Lot Essay
For all his dislike of Whistler’s posturing the present canvas indicates that the two artists had more in common than the Newlyn painter cared to admit in the mid-1880s. Forbes’s sense of spacing, interval and colour harmony in this luminous sketch, would easily qualify him as a Whistlerian Impressionist. Subtle transitions on the glacial surface of the sea are enough to indicate the space of a bay. Rowing boats marking the moorings of larger craft, are dotted across the middle distance like crotchets and quavers on a line of music. Yet in the crisp delineation of the single remaining fishing boat, there is an unmistakable echo of Bastien-Lepage, Forbes’s true mentor. While accounts of his early years in Newlyn justifiably concentrate on major works submitted to the Royal Academy, many smaller studies and sketches cited in reviews, point to the fuller sense of a developing oeuvre. Most have disappeared. Those that are known, like the present example, reveal an artist of great sensitivity.
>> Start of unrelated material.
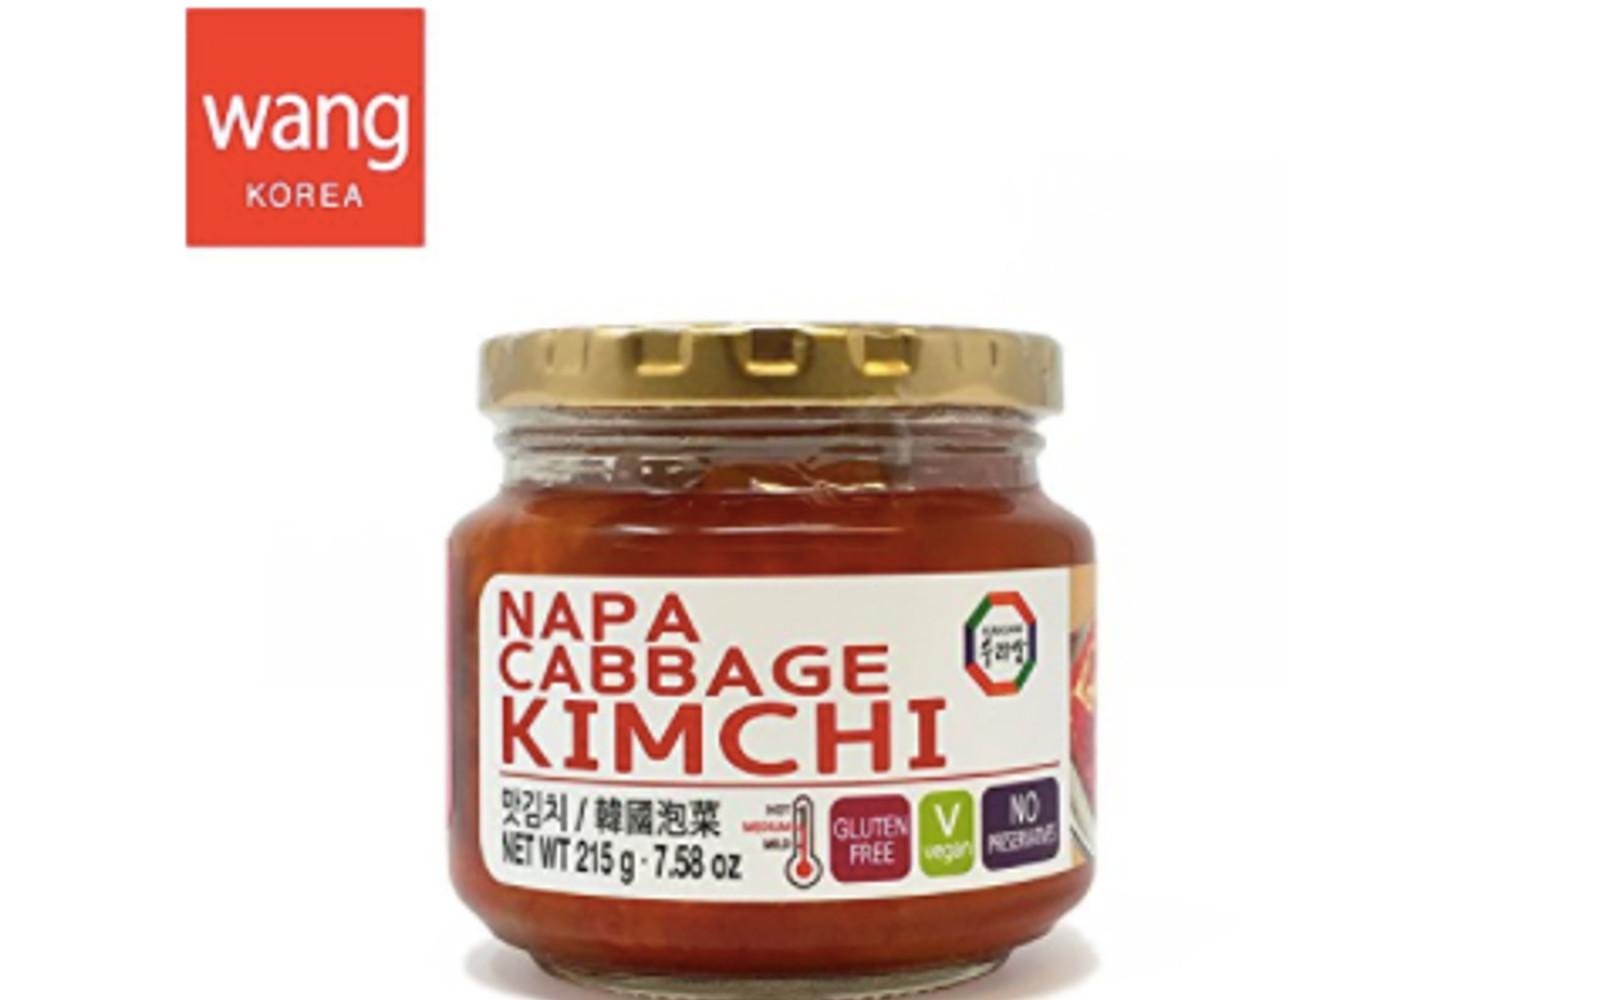 Jarred Vegan Korean Kimchi

This picture has been thought to represent Brixham harbour, however the precise date of Forbes’s visit to the Devon port, if it happened at all, is unrecorded. The relative thinness of the paint and higher key may place it later than Forbes’s Fish Sale on a Cornish Beach, 1885 (Plymouth Art Gallery) - circa 1888-90 – and making it possible that it could be an untraced picture listed in the artist’s sales book for 1890 as When boats are idle in the bay.
KMc.
This picture has been thought to represent Brixham harbour, however the precise date of Forbes’s visit to the Devon port, if it happened at all, is unrecorded. The relative thinness of the paint and higher key may place it later than Forbes’s Fish Sale on a Cornish Beach, 1885 (Plymouth Art Gallery) - circa 1888-90 – and making it possible that it could be an untraced picture listed in the artist’s sales book for 1890 as When boats are idle in the bay.
KMc.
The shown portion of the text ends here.